With this two-way preventive measure, Komaki will provide users with a safer EV driving experience.
EV ownership in India is on the rise; however developments in quality and reliability have not kept pace with this rapid adoption. The gap between R&D and usage growth has created a looming hole that has swallowed dozens of electric motorcycles and e-bikes in recent days. In a recent incident, a multi-brand dealership in Pune that also operates Komaki EVs caught fire. Separately, the Indian government has issued notices showing the reasons to three electric vehicle makers and a new set of strict guidelines for EV makers.
It is reported that the new Komaki battery will be configured with lithium iron phosphate (LiFePO4), which is theoretically more flame-resistant than other batteries due to the presence of iron in the composition. However, this claim has not been verified by the authorities.
In addition, Komaki will reduce the number of cells in the battery pack by 1/3. This will reduce the accumulated heat generated in the battery. According to the company, this should give the battery a higher life cycle of 2500-3000, compared to 800 for NMC (nickel, manganese and cobalt) batteries.
By reducing the number of components, Komaki also aims to make it easier for service providers to handle vehicles in a safer manner. The risk of shipping damage is also greatly reduced.
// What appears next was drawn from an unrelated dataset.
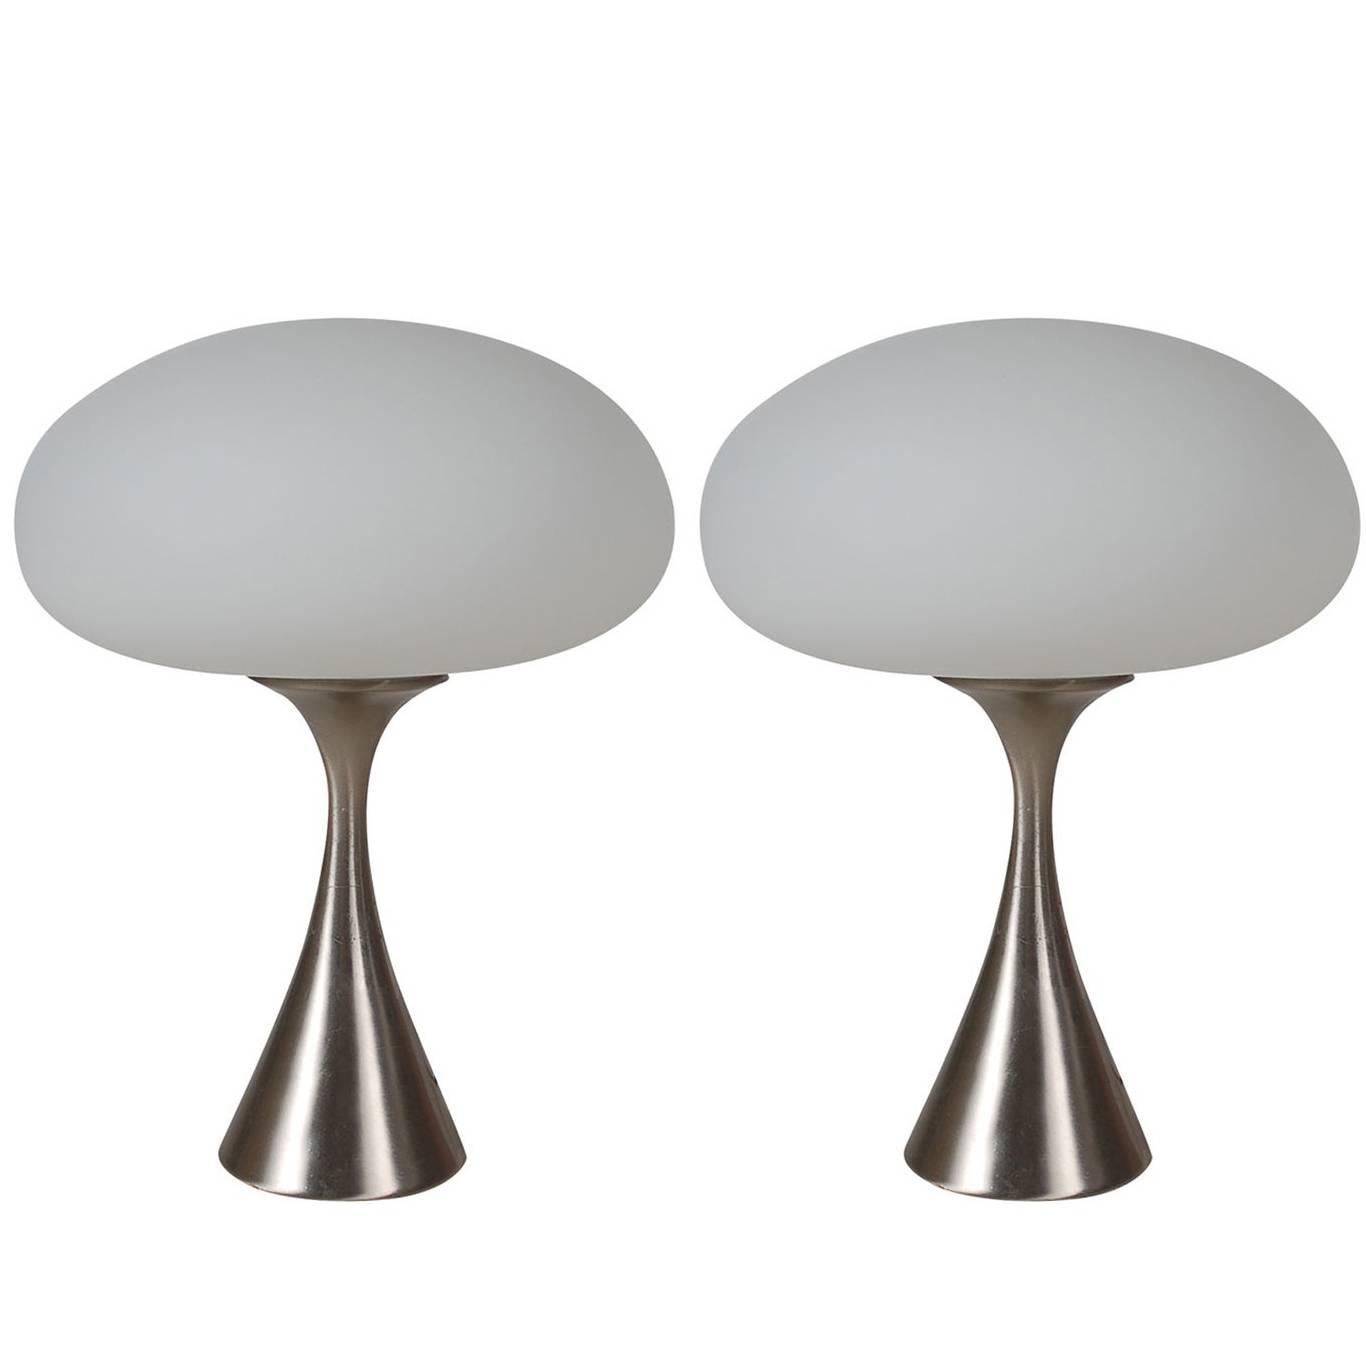 Mid-Century Modern Glass & Silver Mushroom Table Lamps by Laurel Lamp Company

Komaki combines this with a new active balancing mechanism that repeatedly balances cells in a battery in a fraction of the time.
in the matching smartcell phoneThere will also be a partner app on it. Together with onboard sensors, it will actively monitor the health of the battery and alert users and dealers of any suspicious behavior in the first place. It is understood that the app can test up to 250 batteries at a time and repeat the test at intervals of seconds. All of these technologies and changes combined are expected to greatly reduce the chance of fire hazards.
Changes to the power bank for electric motorcycles indicate a change in riding range. However, if the company’s claims are to be believed, one can expect a battery pack life of 300km, and will vary depending on which model two-wheeler the battery pack is implemented on, among other factors. The Komaki SE and TN95 now get a claimed range of 180km on a single charge.